Provided material section start

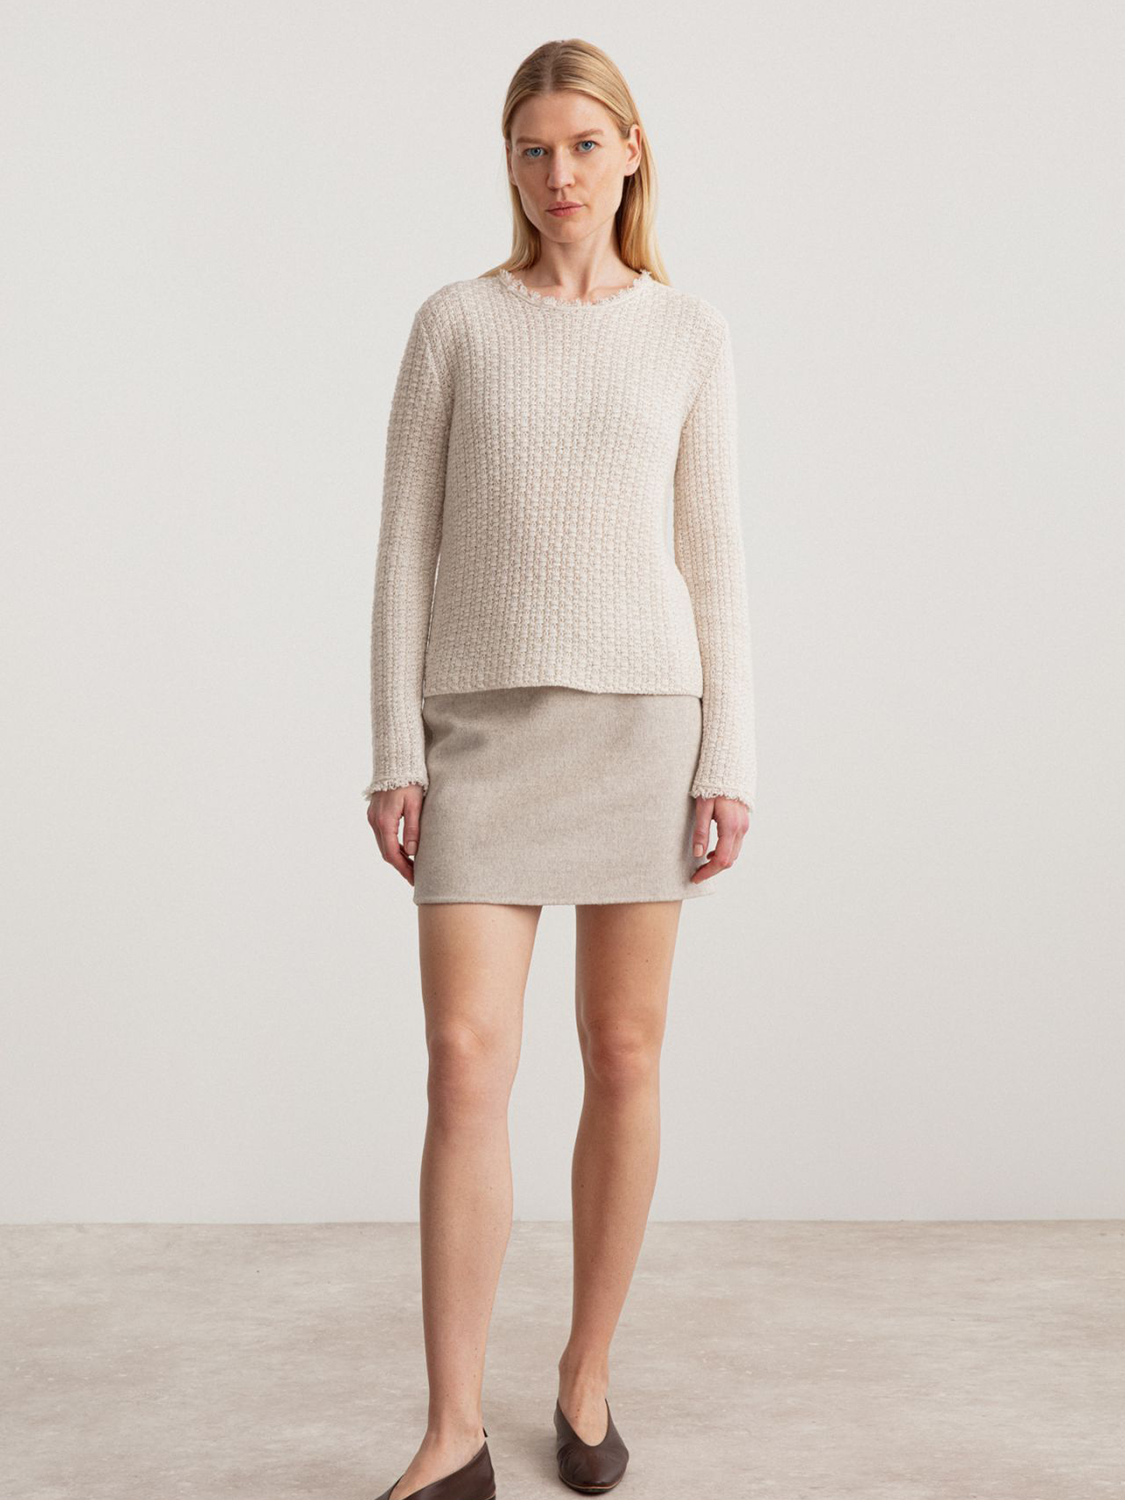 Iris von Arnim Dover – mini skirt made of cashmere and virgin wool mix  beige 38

Provided material section end
Provided material section start

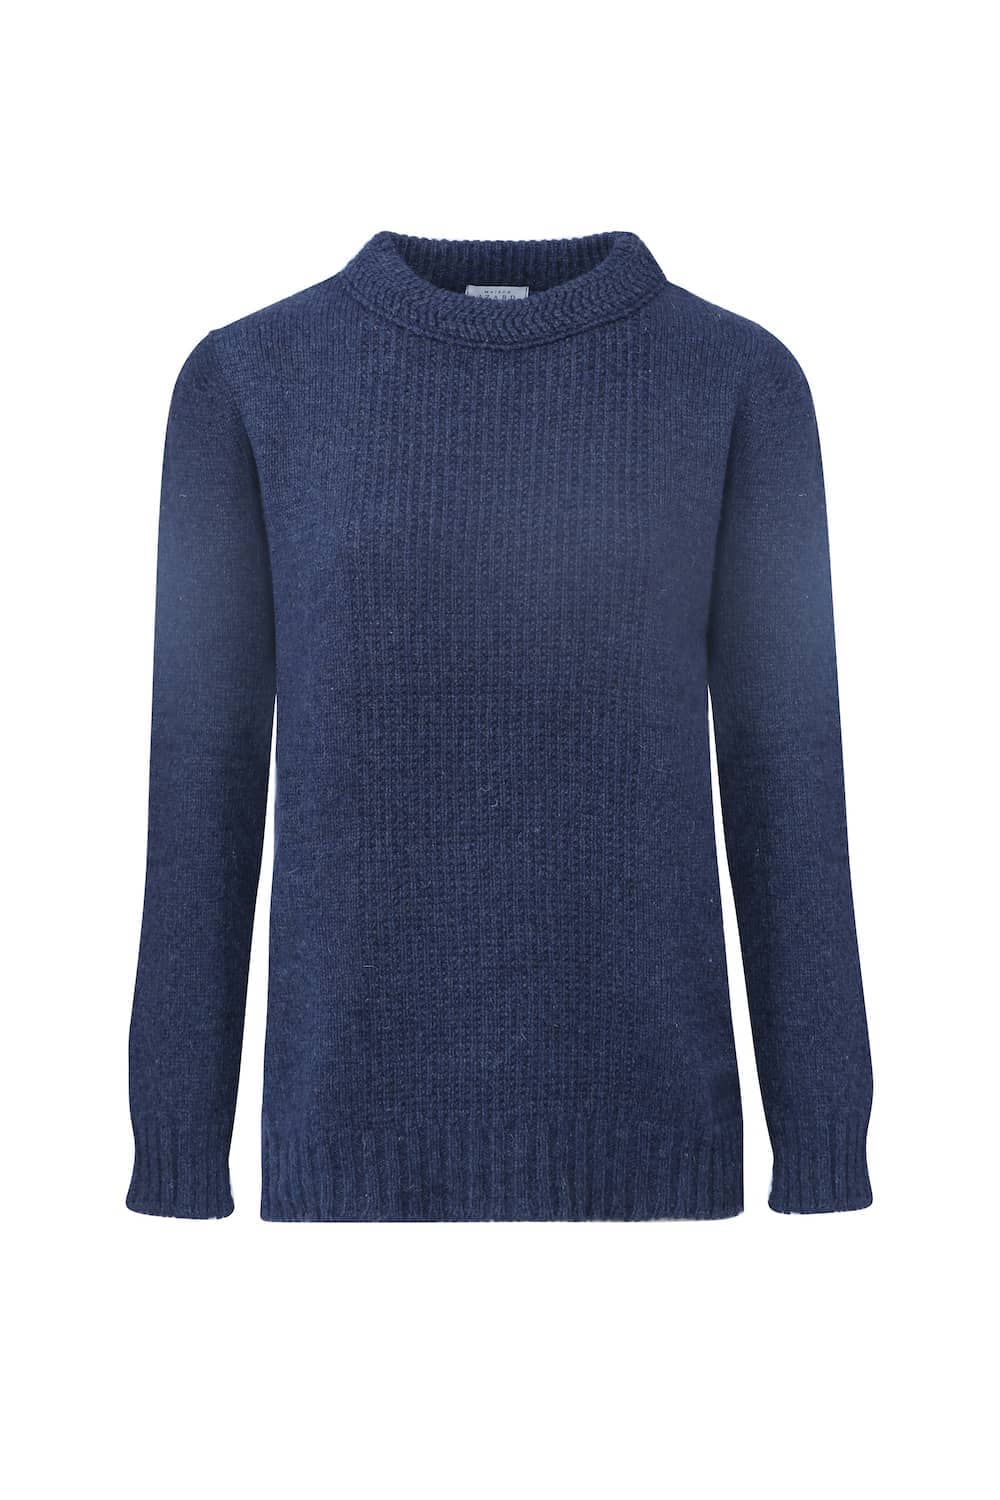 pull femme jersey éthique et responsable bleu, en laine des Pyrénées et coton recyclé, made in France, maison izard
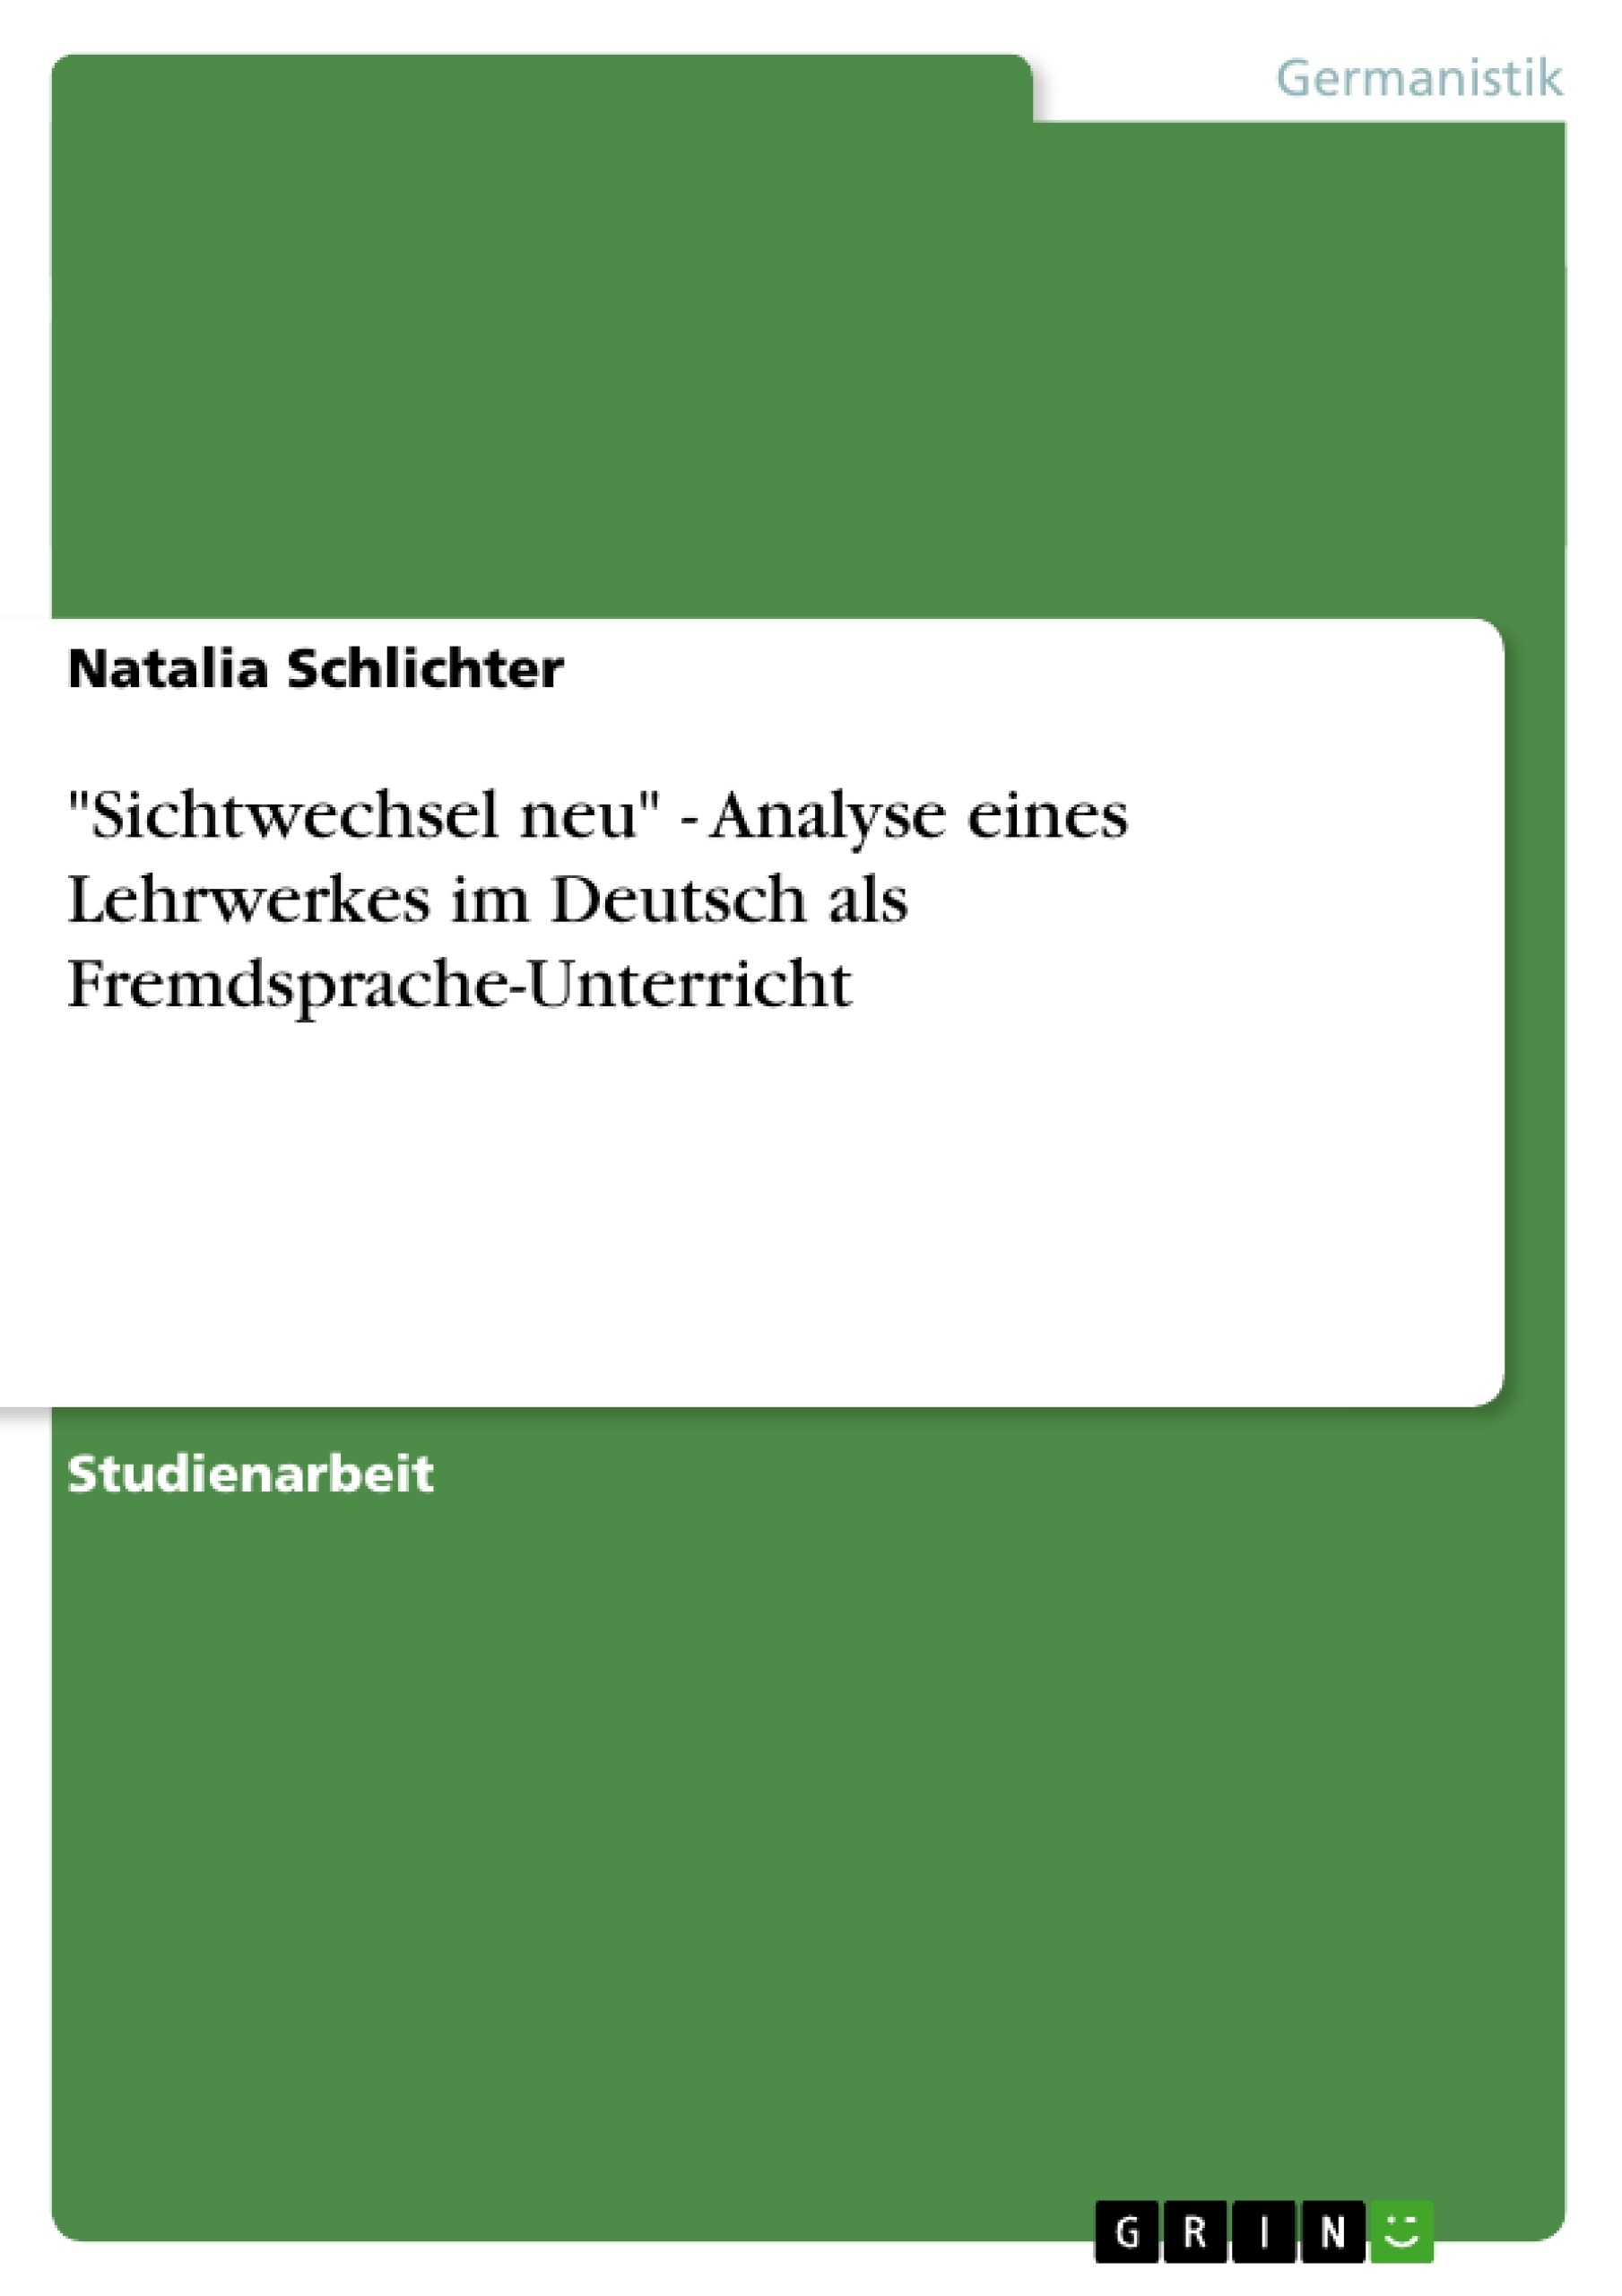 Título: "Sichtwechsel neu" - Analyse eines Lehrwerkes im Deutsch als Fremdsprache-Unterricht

Provided material section end
Provided material section start

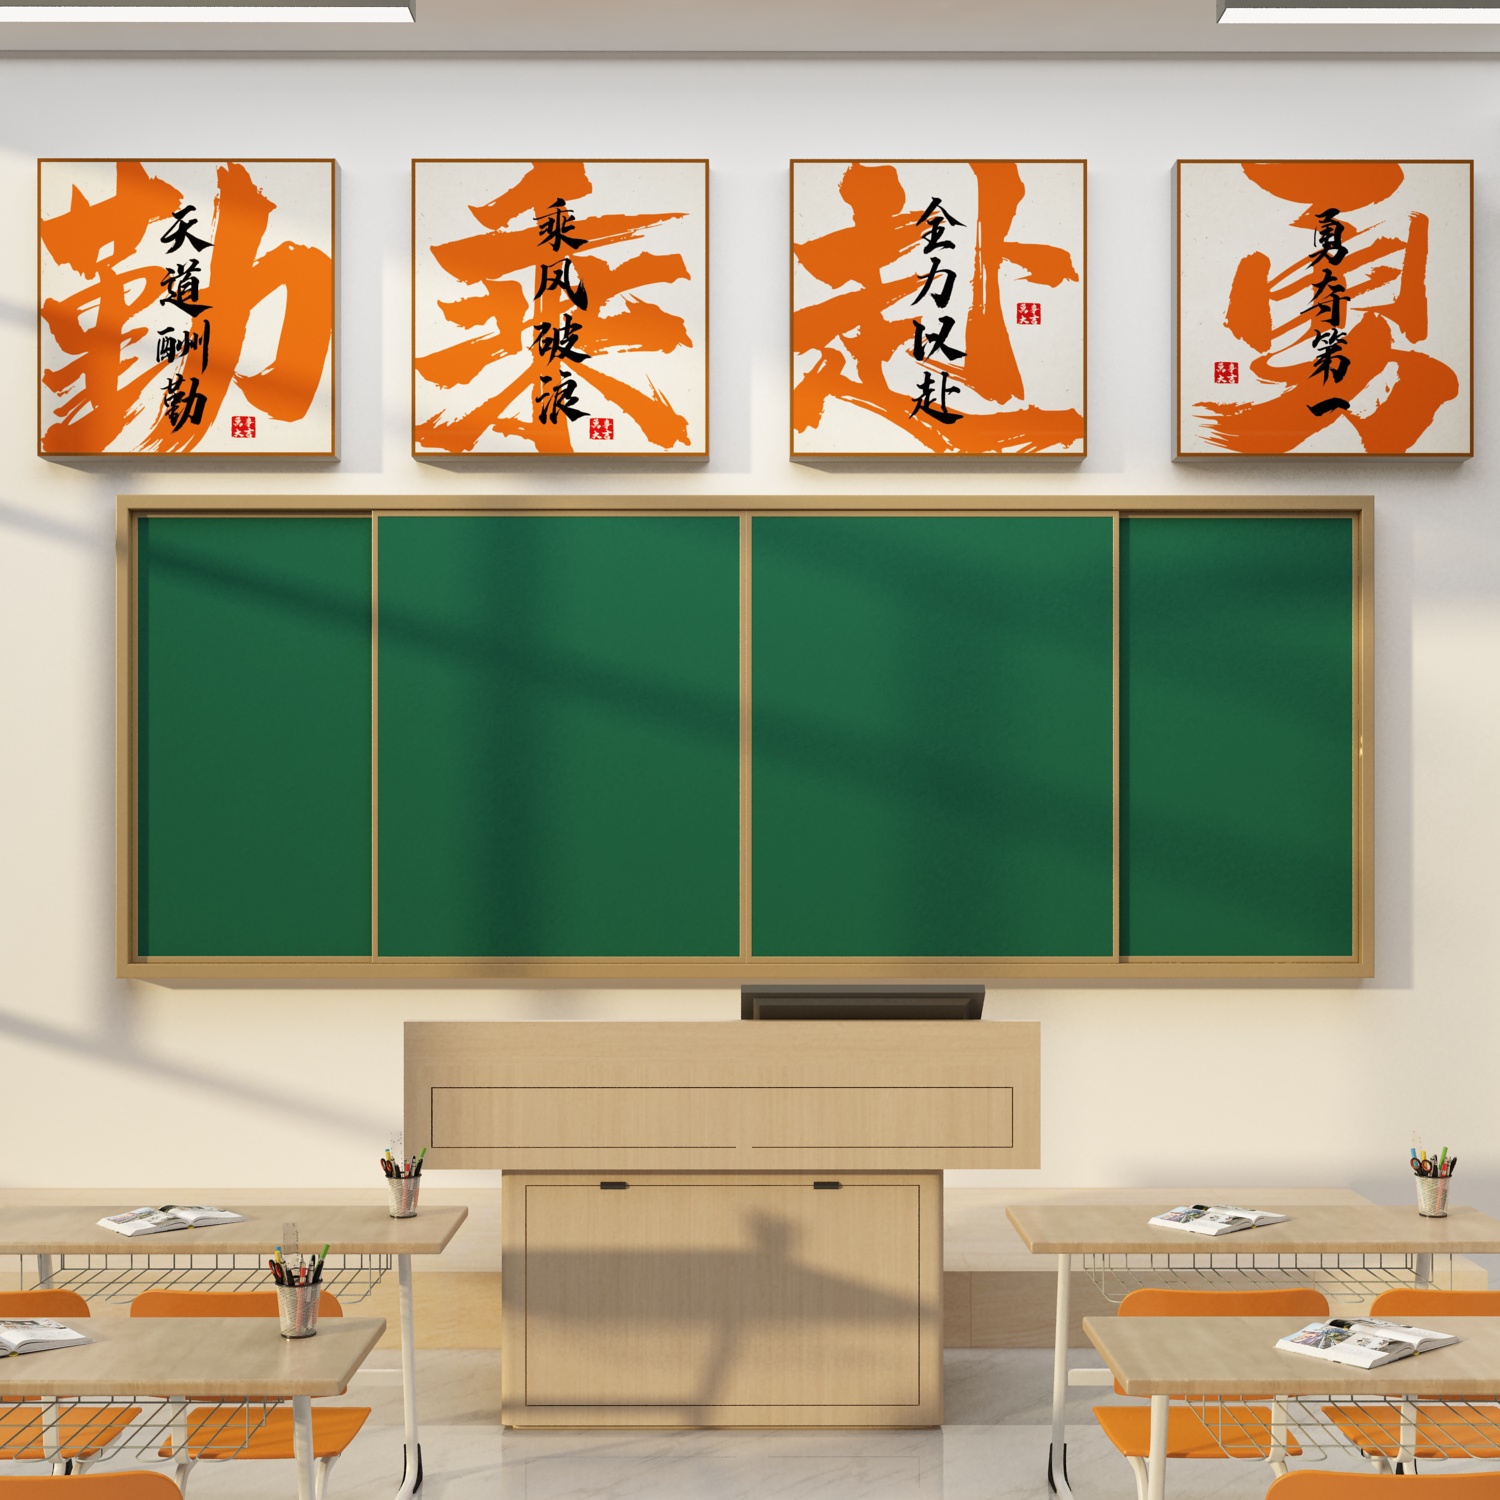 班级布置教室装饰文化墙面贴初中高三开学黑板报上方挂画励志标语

Provided material section end

▶ **Your assignment**
Each line above that falls between the line with "pull femme jersey" and the line with "Deutsch als Fremdsprache-Unterricht" should be printed exactly, together with those two lines, but the pictures should not.

▶ **Your response**
 pull femme jersey éthique et responsable bleu, en laine des Pyrénées et coton recyclé, made in France, maison izard
 Título: "Sichtwechsel neu" - Analyse eines Lehrwerkes im Deutsch als Fremdsprache-Unterricht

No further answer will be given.